EXERCISE PROMPT » What is needed is a faithful transcription of all the data below, pictures excluded.

GIVEN DATA »
= Beginning of Section =

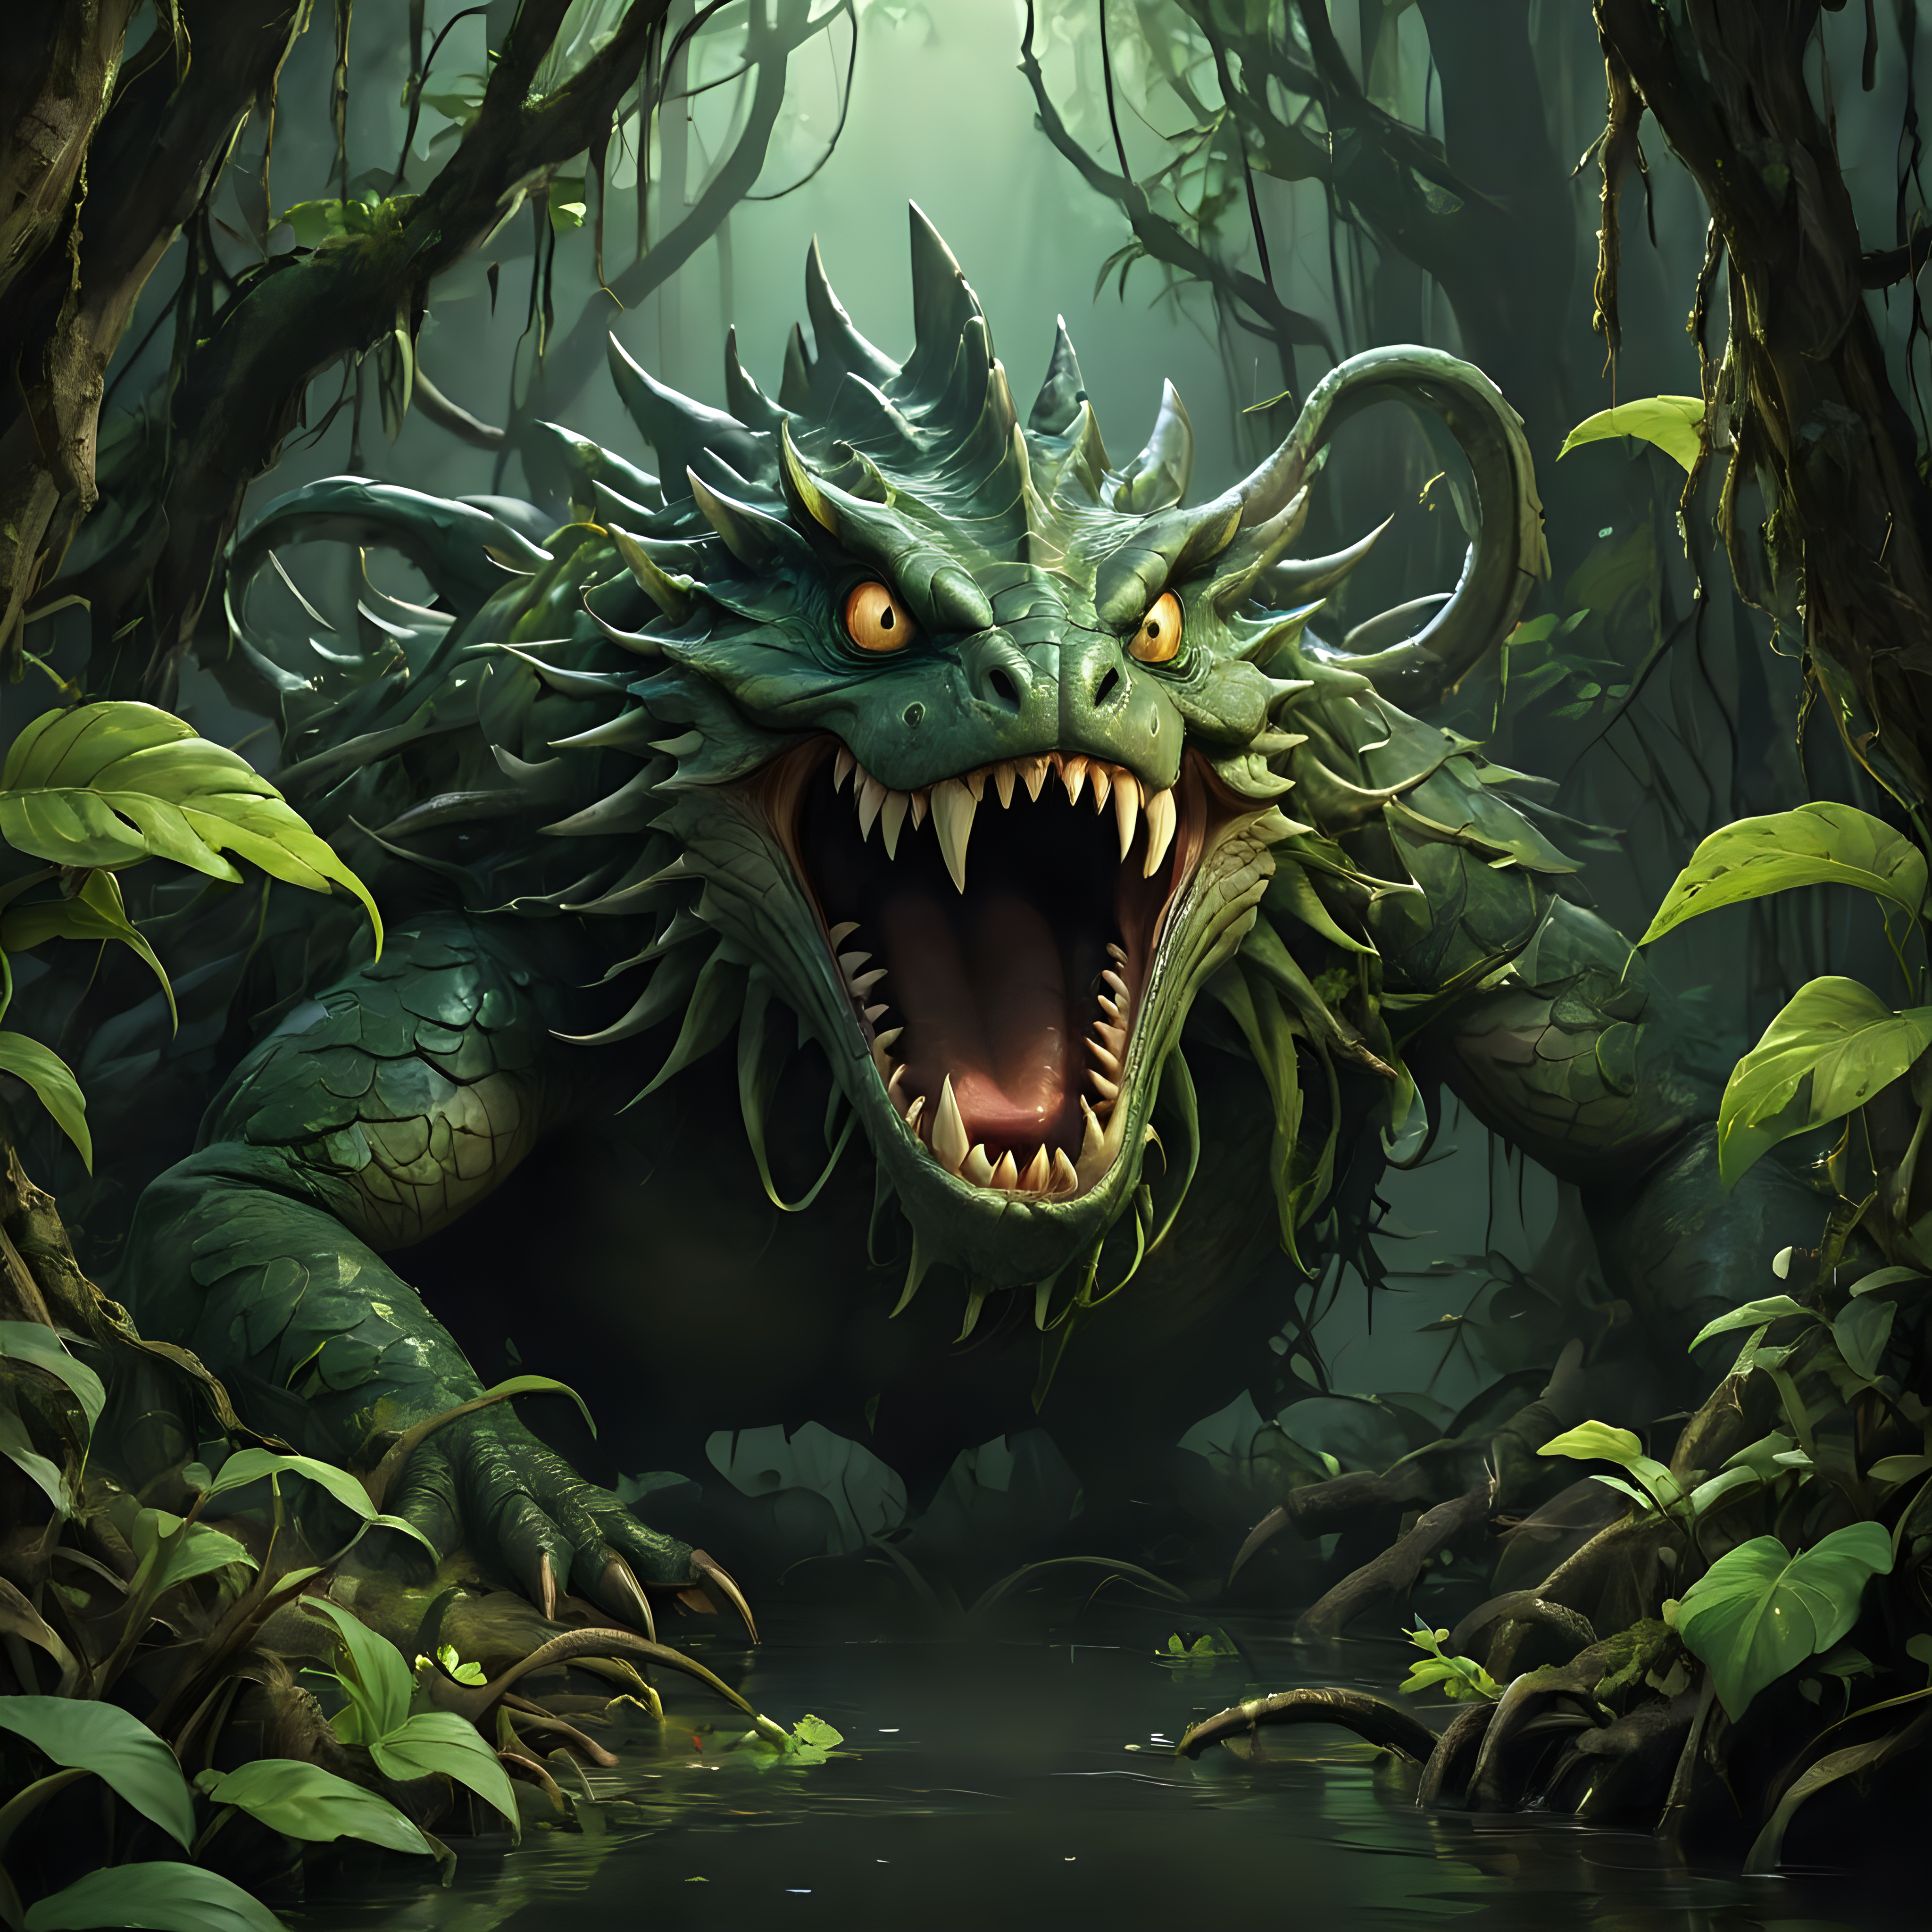 Voradon Sylvestre Stealthy Swamp Predator Emerges from Darkness
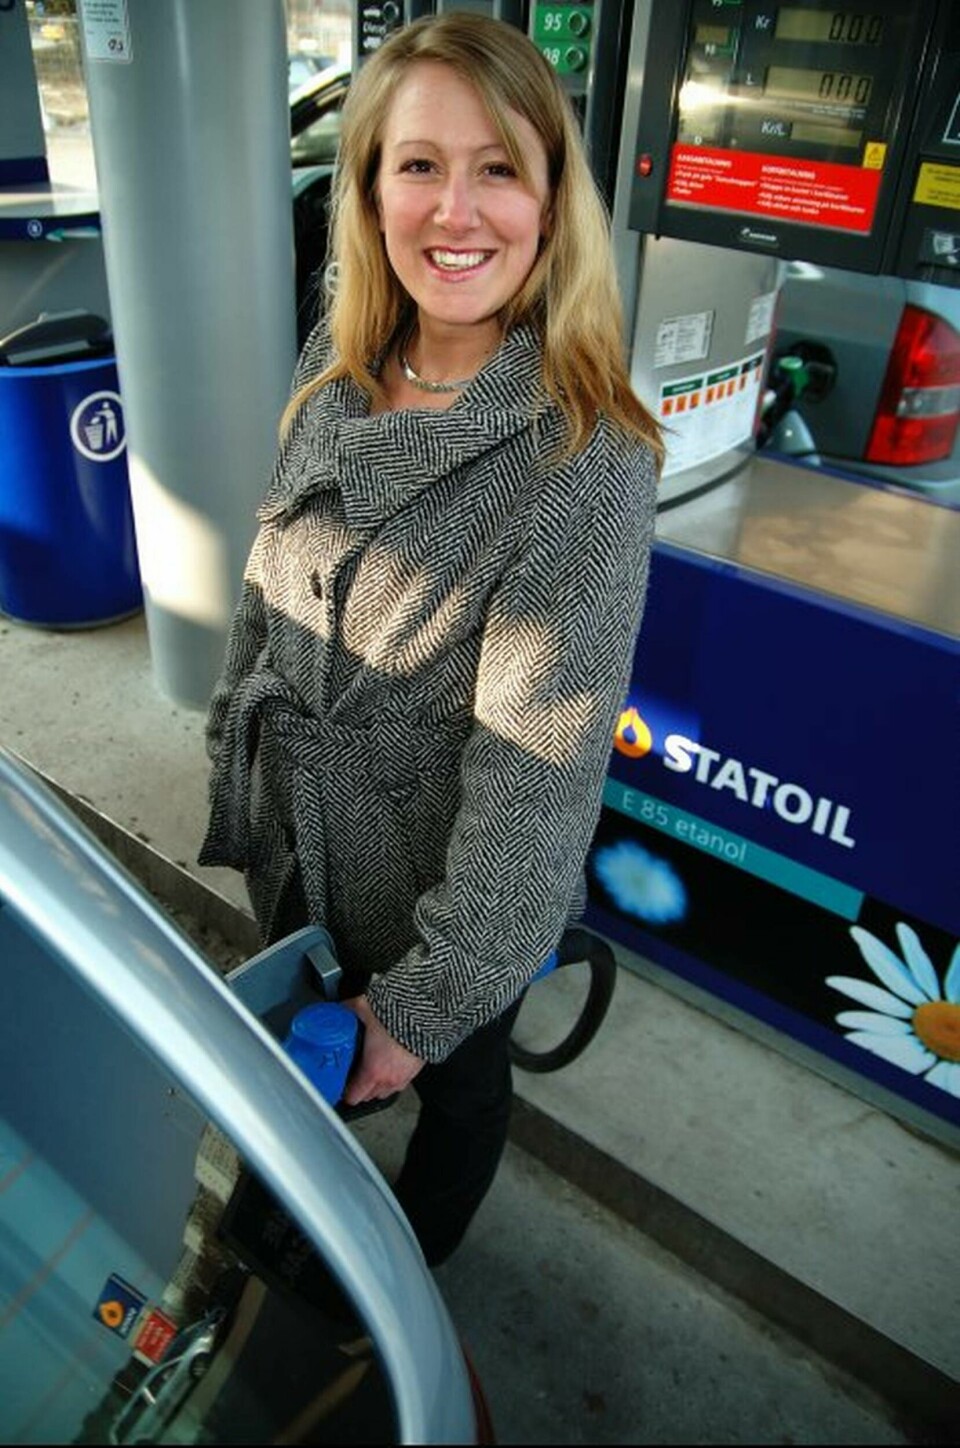 Statoils E85-kunder kan glädjas åt 55 öre lägre pris från och med i dag. Foto: Statoil
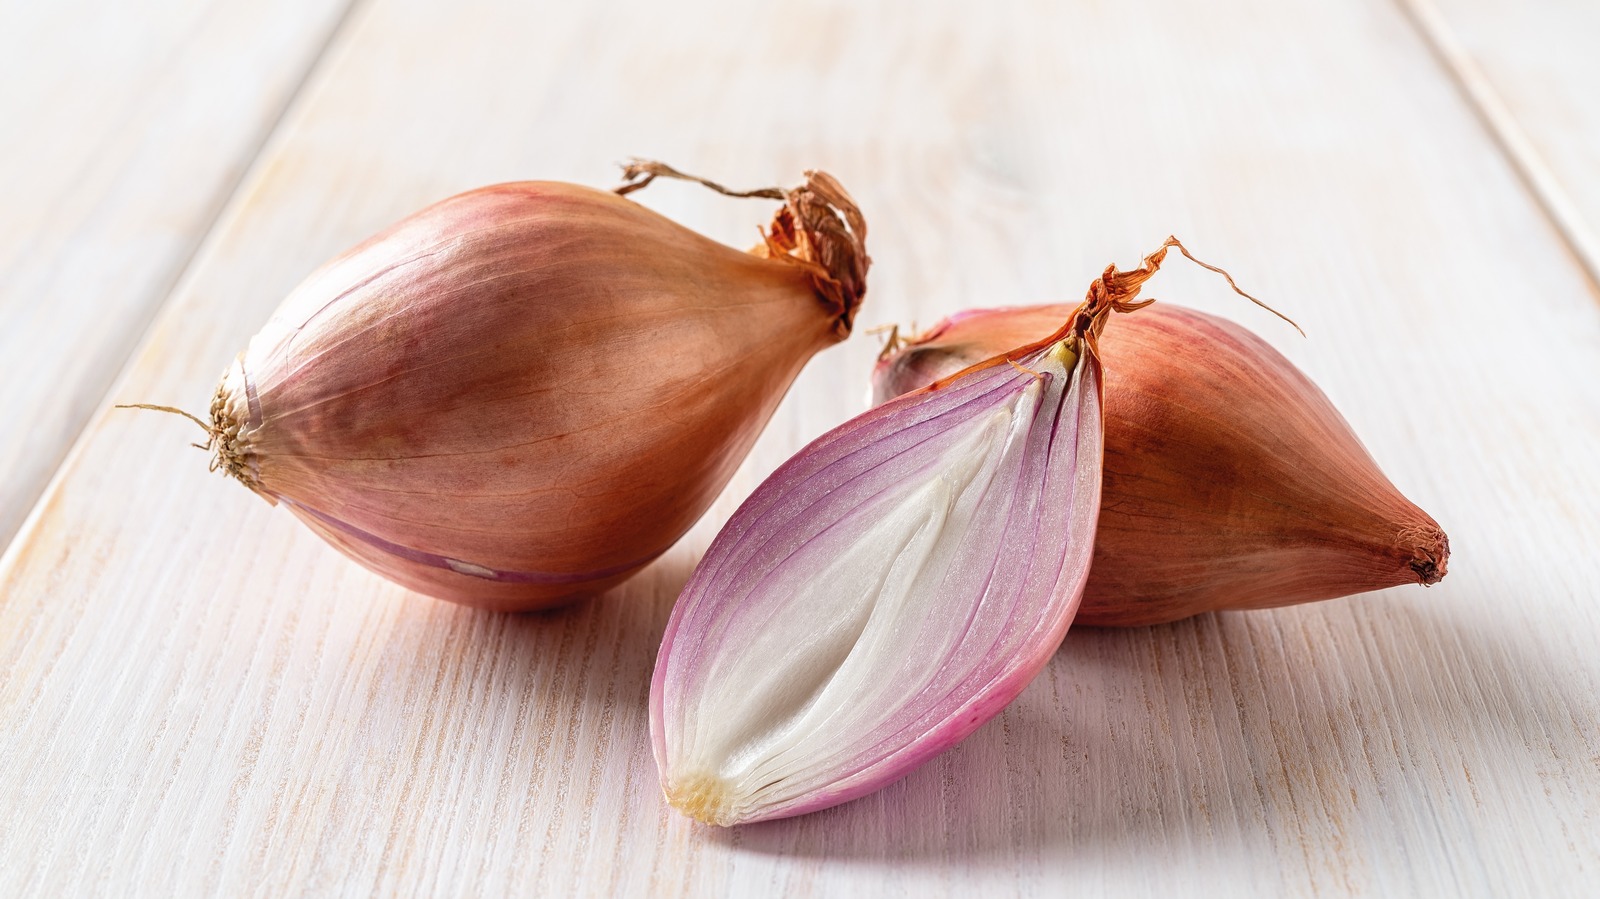 Garlic and Shallot Confit

= End of Section =

FINISHED TASK »
 Voradon Sylvestre Stealthy Swamp Predator Emerges from Darkness
 Statoils E85-kunder kan glädjas åt 55 öre lägre pris från och med i dag. Foto: Statoil
 Garlic and Shallot Confit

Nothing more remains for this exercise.